Home Archive 31/December/2015 10:40 AM

Israeli Company Surveys Land in Hebron for Settlements' Road Expansion

HEBRON, August 30, 2015 (WAFA) – An Israeli land surveying company Sunday surveyed tracts of land adjacent to Hebron-Jerusalem highway 60, and belong to several local Palestinian families, said a farmer from Hebron who witnessed the Israeli company begin surveying works.

Atta Jaber, a local Palestinian farmer, told WAFA the company was surveying Palestinian private-owned lands at a 12-meter-depth from both sides of the road, just to the outside of Beit Enoun junction.

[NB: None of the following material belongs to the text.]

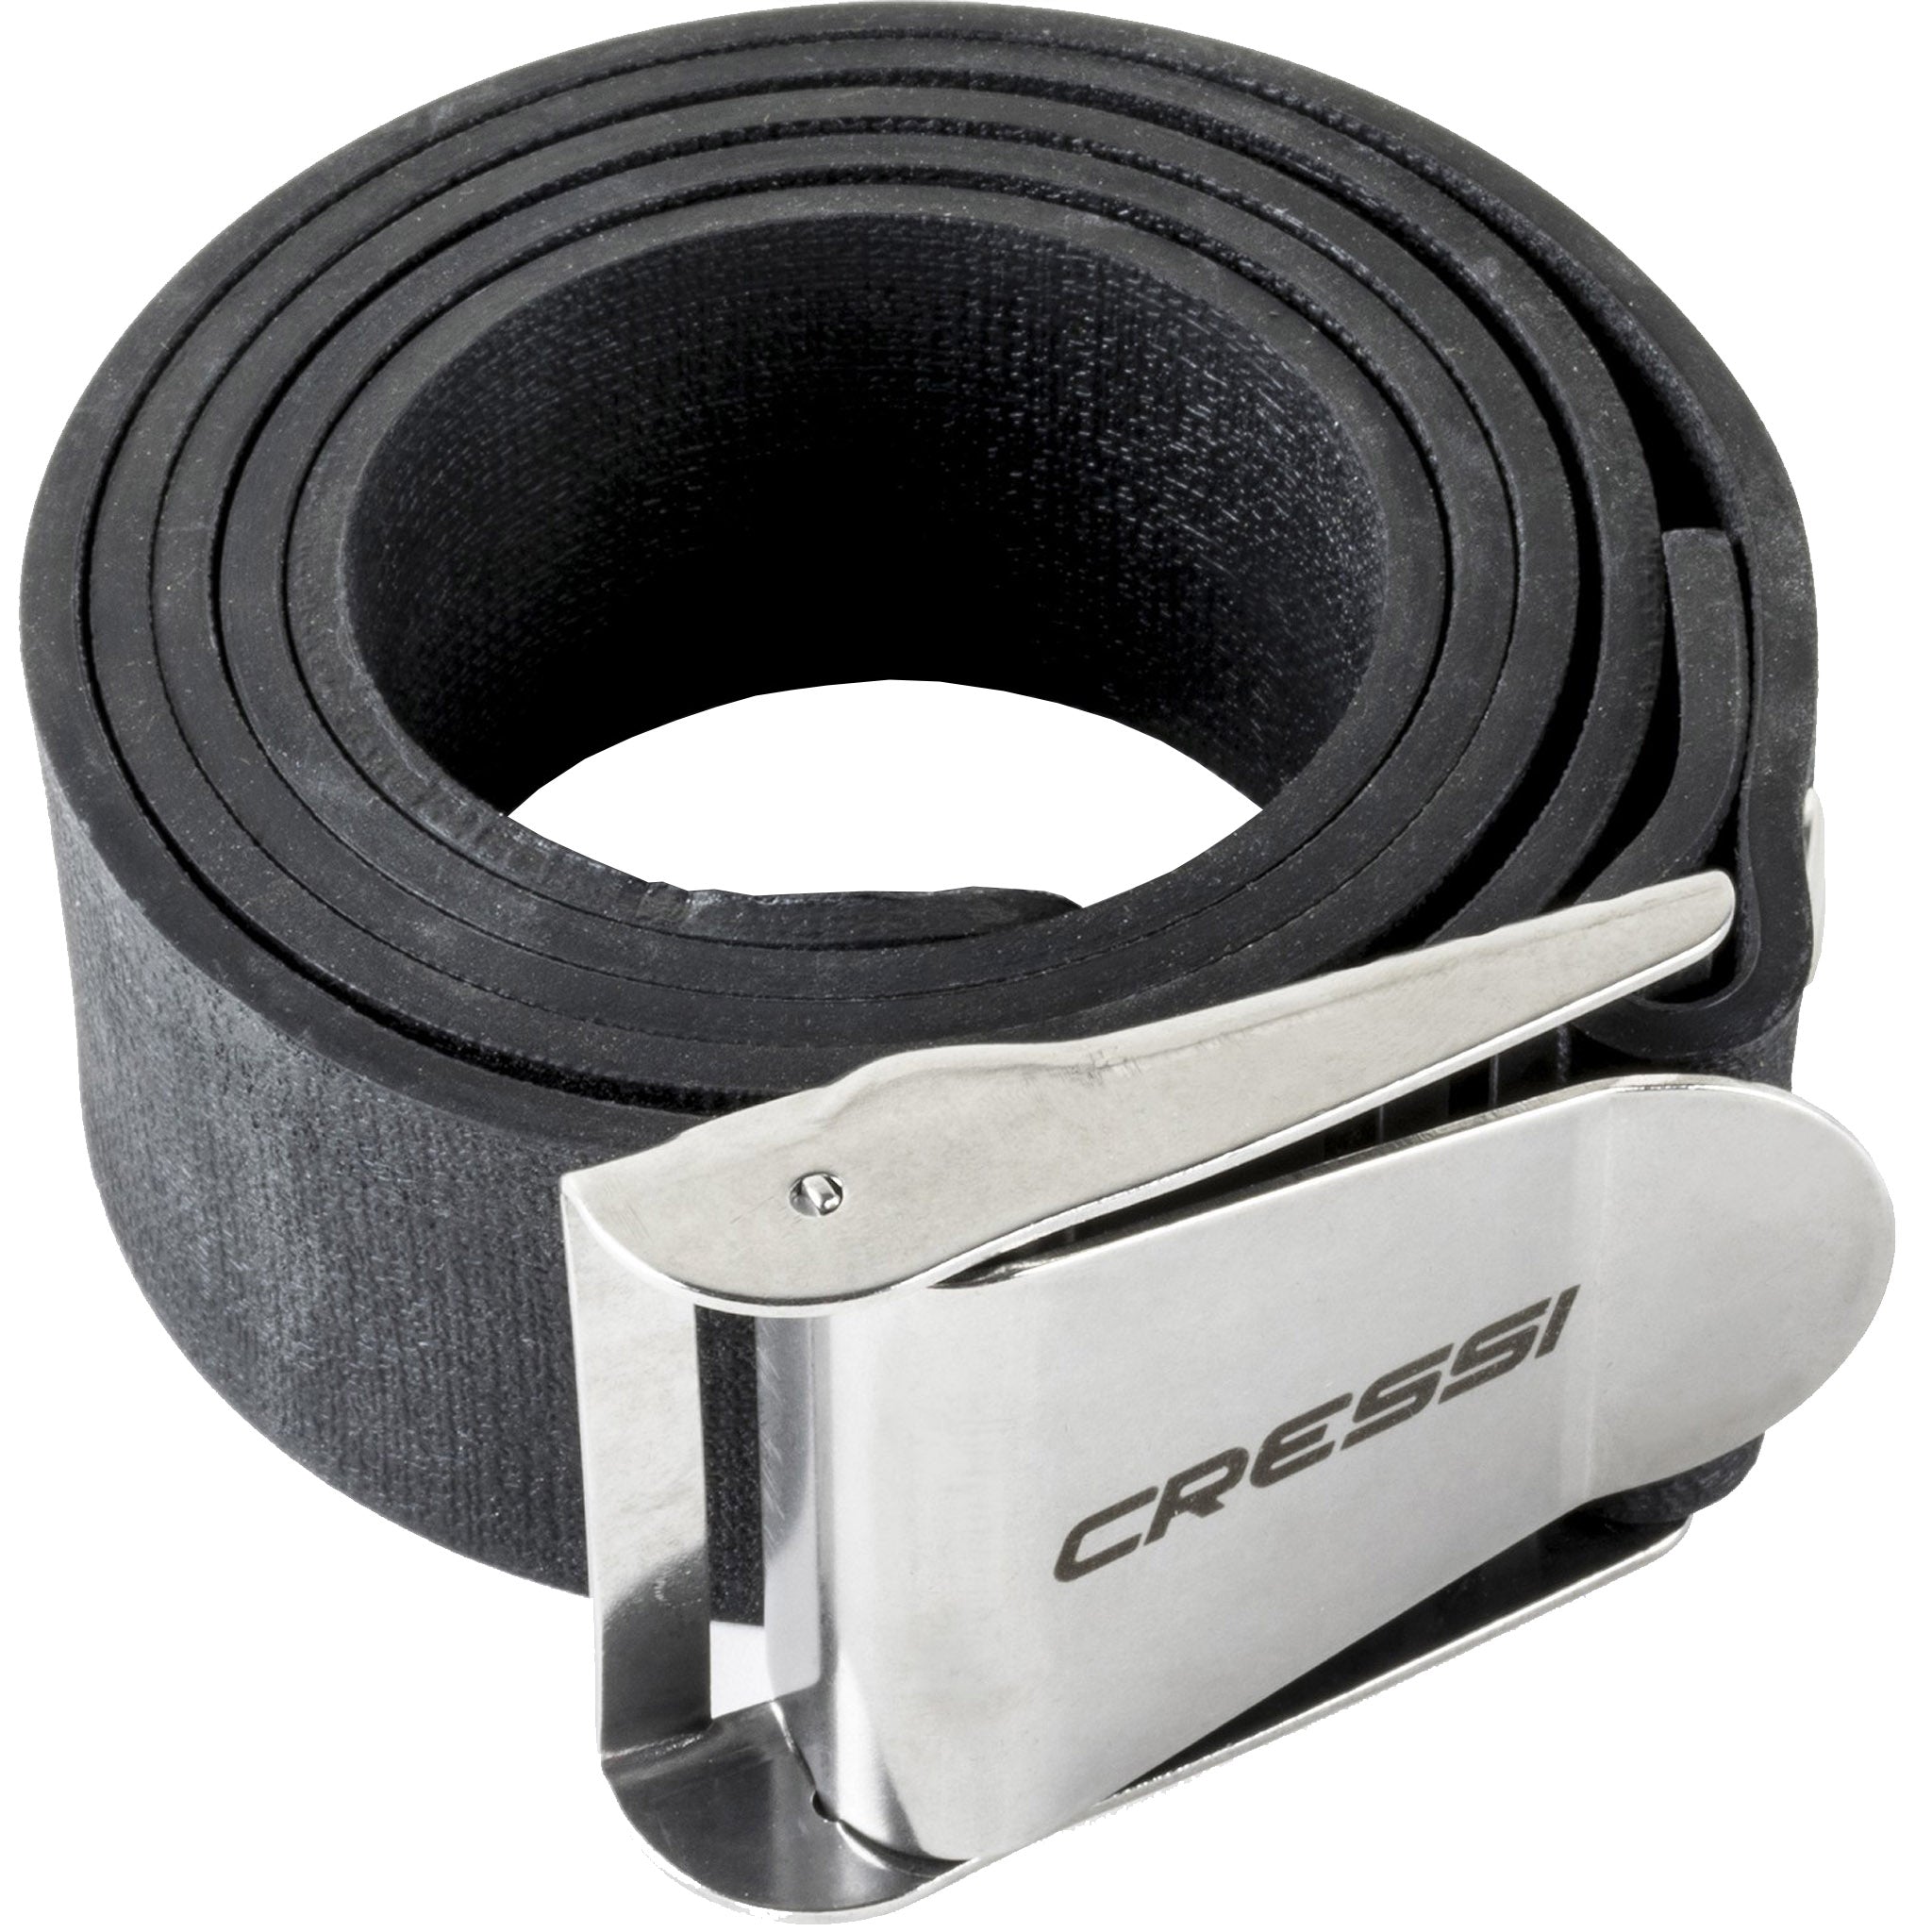 Cressi Elastic Quick Release Weight Belt

According to WAFA’s correspondent, the company which is yet to be identified is most likely surveying land to expand the Hebron-Jerusalem highway 60 starting from the Beit Enoun junction all the way to al-Baq’a area, in which the Jaber family has few dunums of land.

Jaber said the lands being surveyed, including al-Baq’a, are the most fertile in the area and are planted with thousands of grape trees.

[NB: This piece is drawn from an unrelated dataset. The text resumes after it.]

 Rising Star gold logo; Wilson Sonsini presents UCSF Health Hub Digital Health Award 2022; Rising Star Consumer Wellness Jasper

The witnesses said if the land in question was confiscated, they would be seized for the benefit of illegal Israeli settlers who use the road to move between the southern illegal settlements.

Peace Now, an Israeli human rights group, says over the years, Israel used a number of legal and bureaucratic procedures in order to appropriate West Bank lands, with the primary objective of establishing settlements and providing land reserves for them.

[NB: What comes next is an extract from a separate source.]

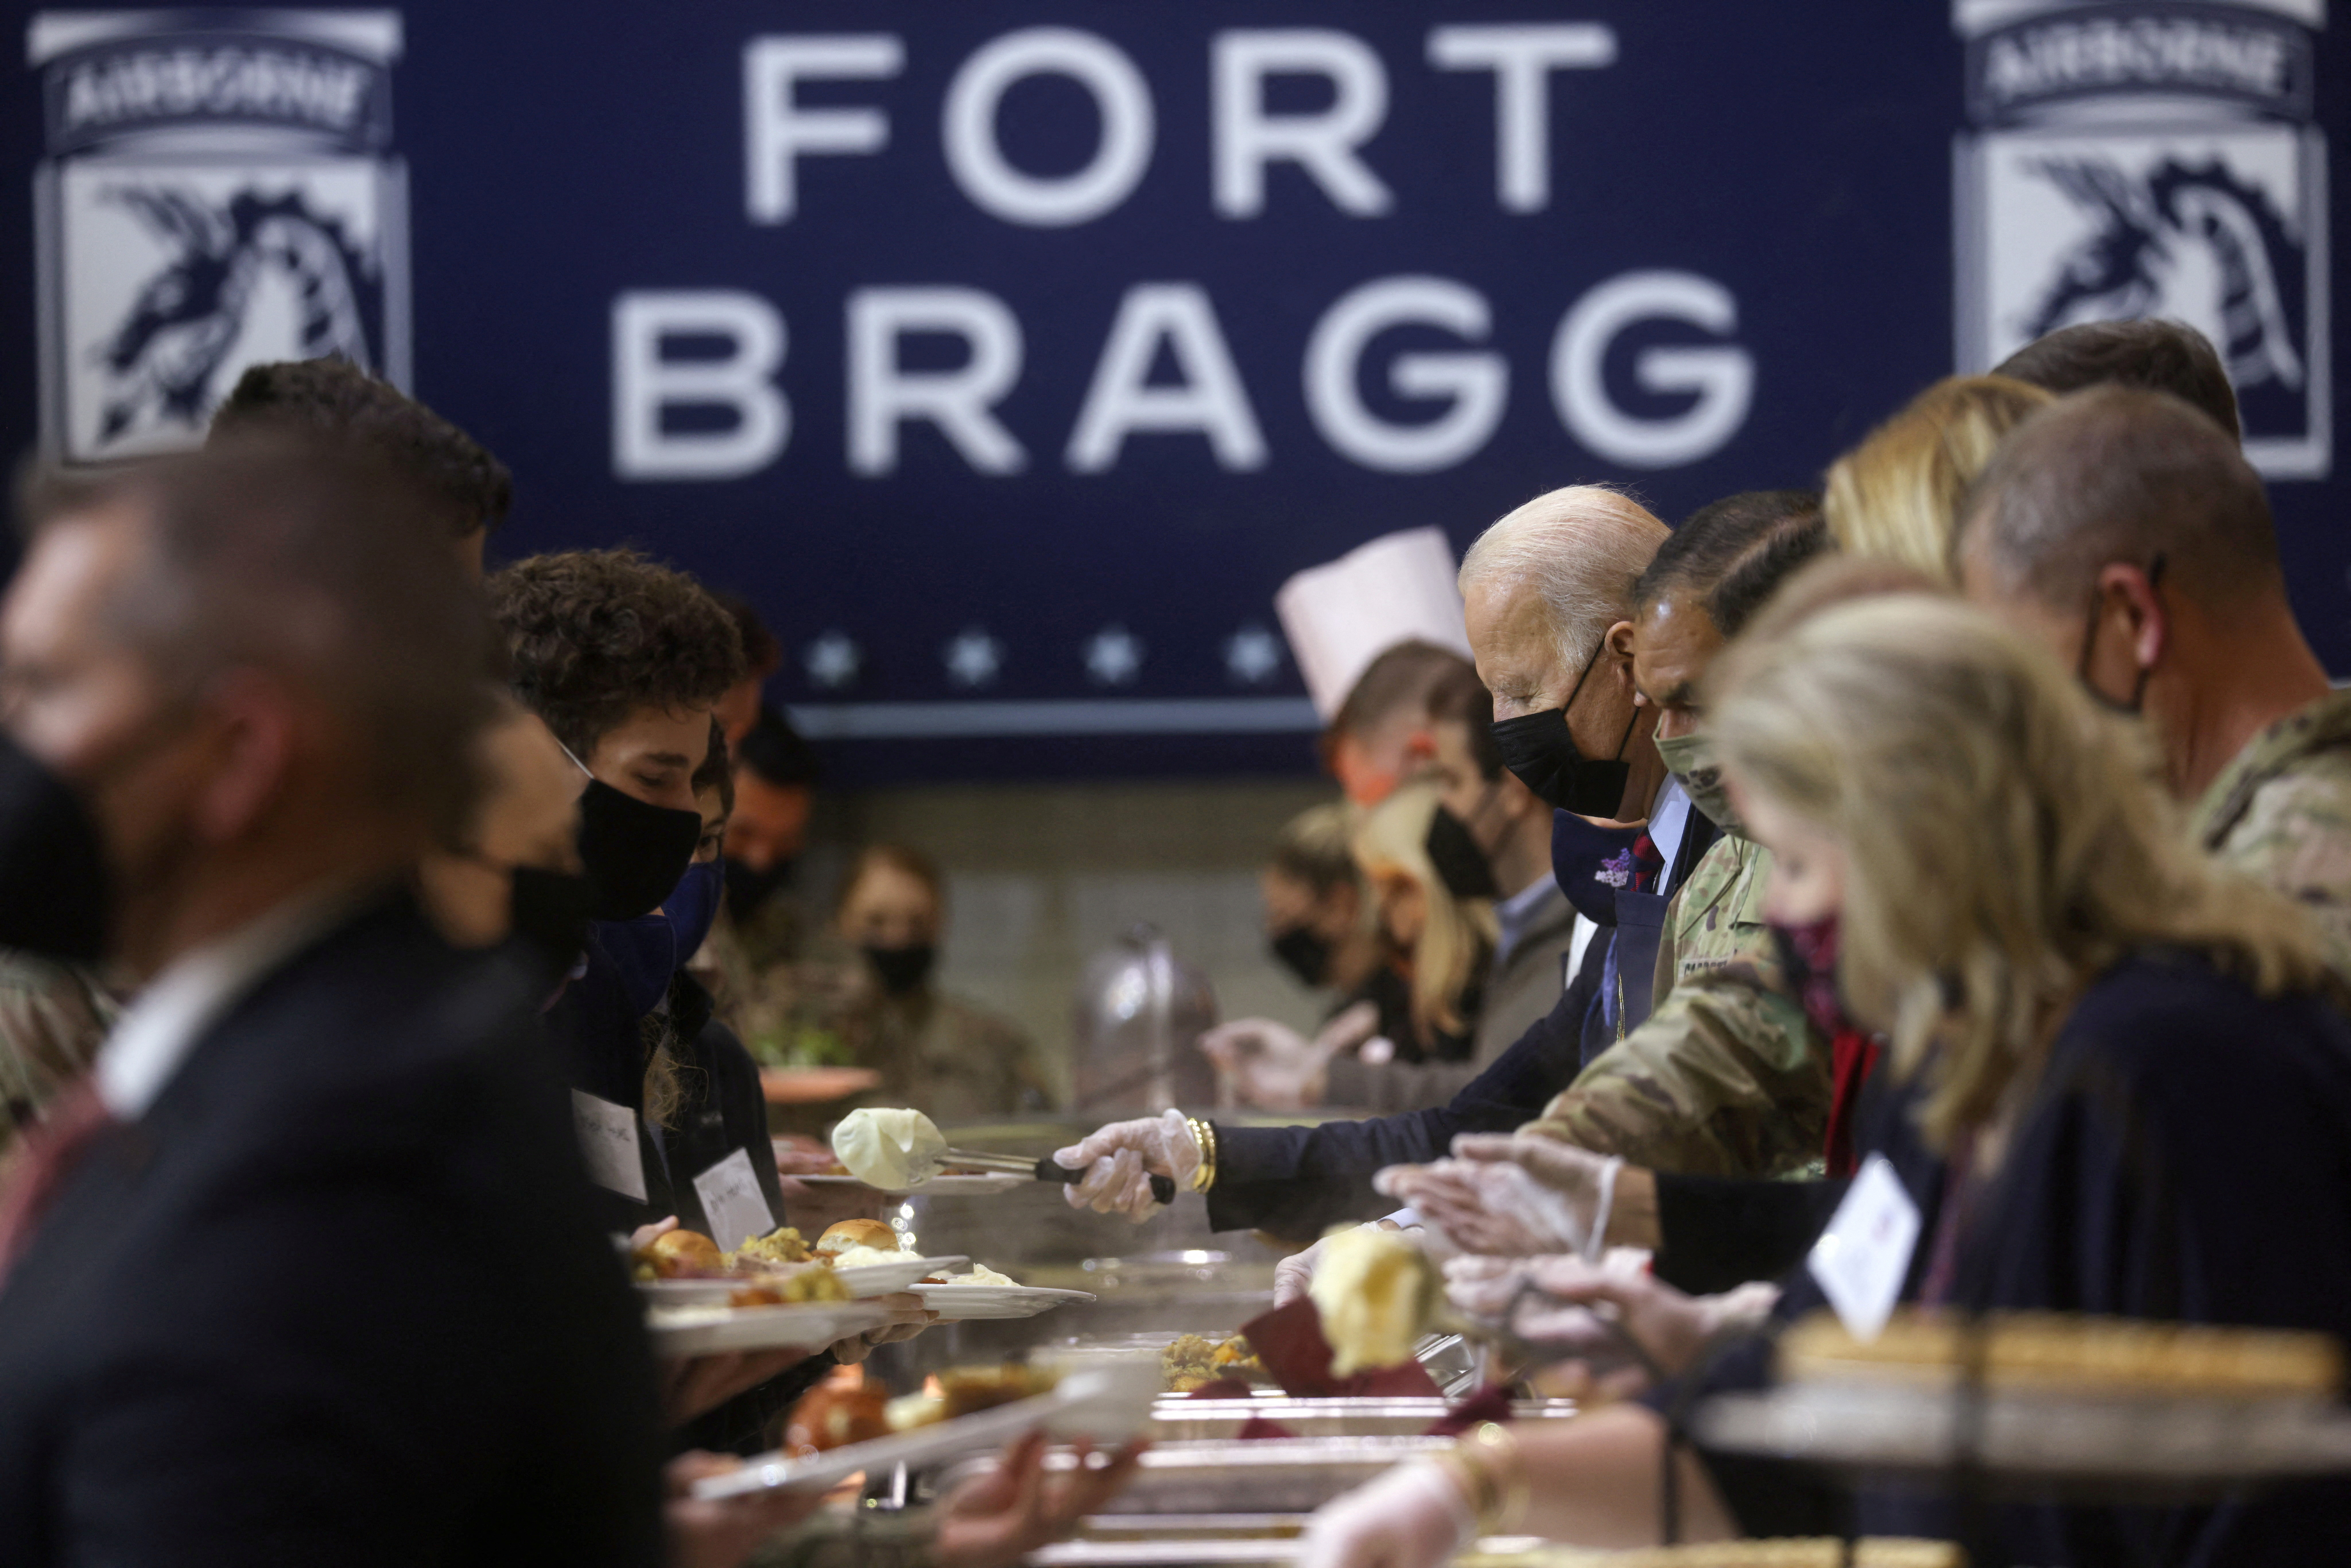 U.S. President Biden attends Thanksgiving event at Fort Bragg

“Using primarily these five methods: seizure for military purposes; declaration of state lands; seizure of absentee property; confiscation for public needs; and initial registration, Israel has managed to take over about 50% of the lands in the West Bank, barring the local Palestinian public from using them,” the group argues.

Since 2009 and until 2014, figures show the Jewish settler population in the West Bank has grown by 23 percent. With this growth, more land is being confiscated for public needs to construct and expand roads, build new settlements and residential units as well as confiscate land for settler’ personal benefit.

According to the Council for European Palestinian Relations (CEPR), there are currently 121 Israeli settlements and approximately 102 Israeli outposts built illegally on Palestinian land occupied by Israel since 1967 (West Bank, East Jerusalem and the Golan Heights). The largest of the illegal settlements is Modi'in Ilit, with a population of 46,245 as of 2009.